If $$\left( {1 + 3 + 5 + ..... + p} \right) + \left( {1 + 3 + 5 + ..... + q} \right) = \left( {1 + 3 + 5 + ..... + r} \right)$$              where each set of parentheses contains the sum of consecutive odd integers as shown, what is the smallest possible value of $$\left( {p + q + r} \right){\text{where }}p > 6?$$

Solution :
Since $$n^{th}$$ term of A.P. $$ = a + \left( {n - 1} \right)d$$
$$\therefore p = 1 + \left( {n - 1} \right)2$$
( ∵ First term $$= a = 1$$  and common difference $$= d = 2$$  )
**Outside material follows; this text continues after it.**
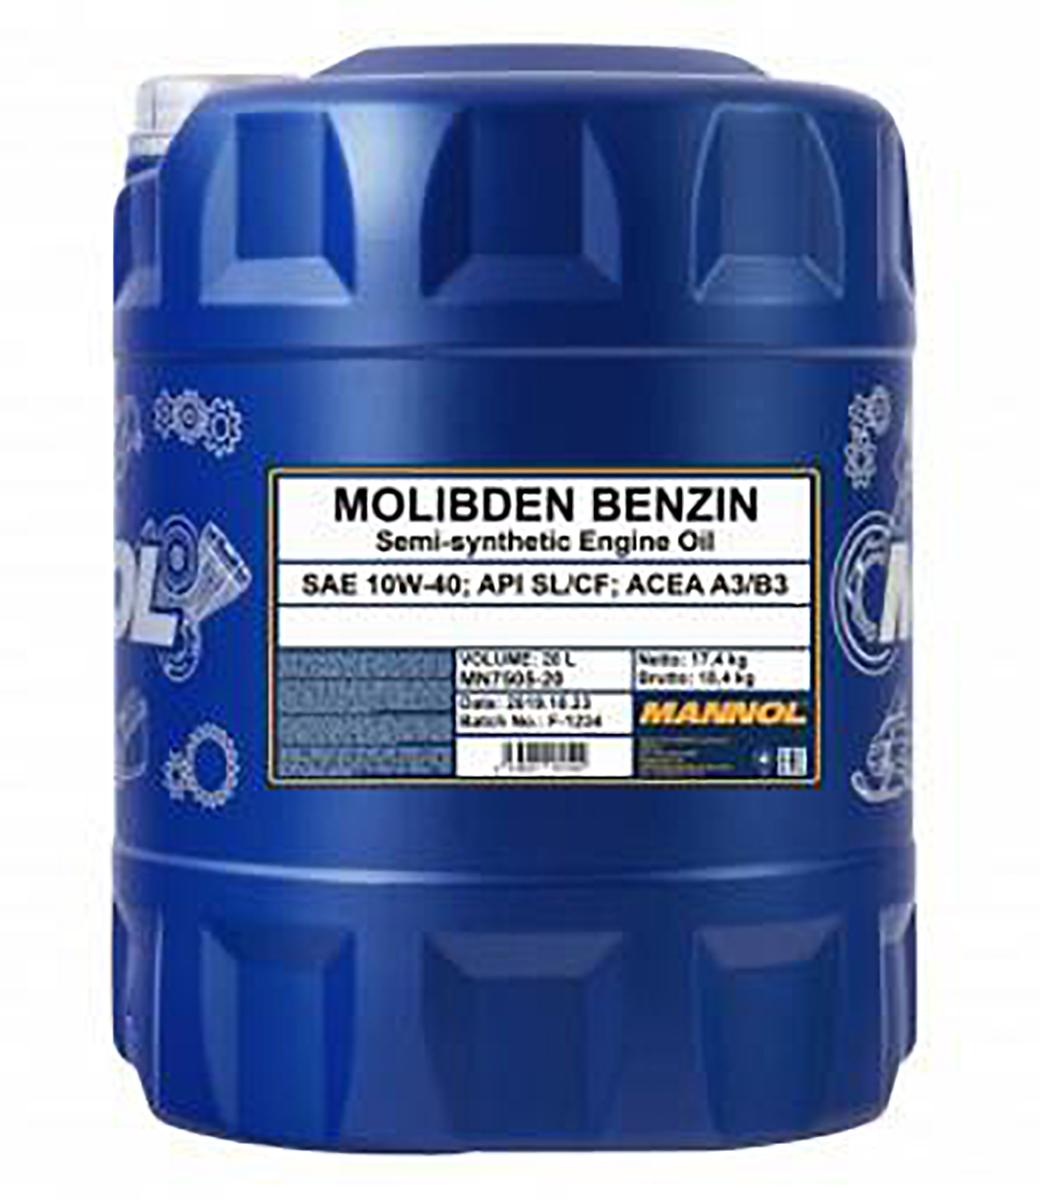 Molibden Benzin 10W-40

$$\eqalign{ & \Rightarrow n = \frac{{p + 1}}{2} \cr & \therefore \left( {1 + 3 + 5 + ..... + p} \right) + \left( {1 + 3 + 5 + ..... + q} \right) = \left( {1 + 3 + 5 + ..... + r} \right) \cr & \Rightarrow \frac{{\frac{{p + 1}}{2}}}{2}\left[ {2 \times 1 + \left( {\frac{{p + 1}}{2} - 1} \right)2} \right] + \frac{{\left( {\frac{{q + 1}}{2}} \right)}}{2}\left[ {2 \times 1 + \left( {\frac{{q + 1}}{2} - 1} \right)2} \right] \cr & = \frac{{r + 1}}{4}\left[ {2 \times 1 + \left( {\frac{{r + 1}}{2} - 1} \right)2} \right] \cr & \Rightarrow \frac{{p + 1}}{4}\left[ {2 + \left( {p - 1} \right)} \right] + \frac{{q + 1}}{4}\left[ {2 + \left( {q - 1} \right)} \right] \cr & = \frac{{r + 1}}{4}\left[ {2 + r - 1} \right] \cr & \Rightarrow {\left( {p + 1} \right)^2} + {\left( {q + 1} \right)^2} = {\left( {r + 1} \right)^2} \cr} $$
This is the possible only when $$p = 7, q = 5, r = 9$$
$$ \therefore p + q + r = 7 + 5 + 9 = 21$$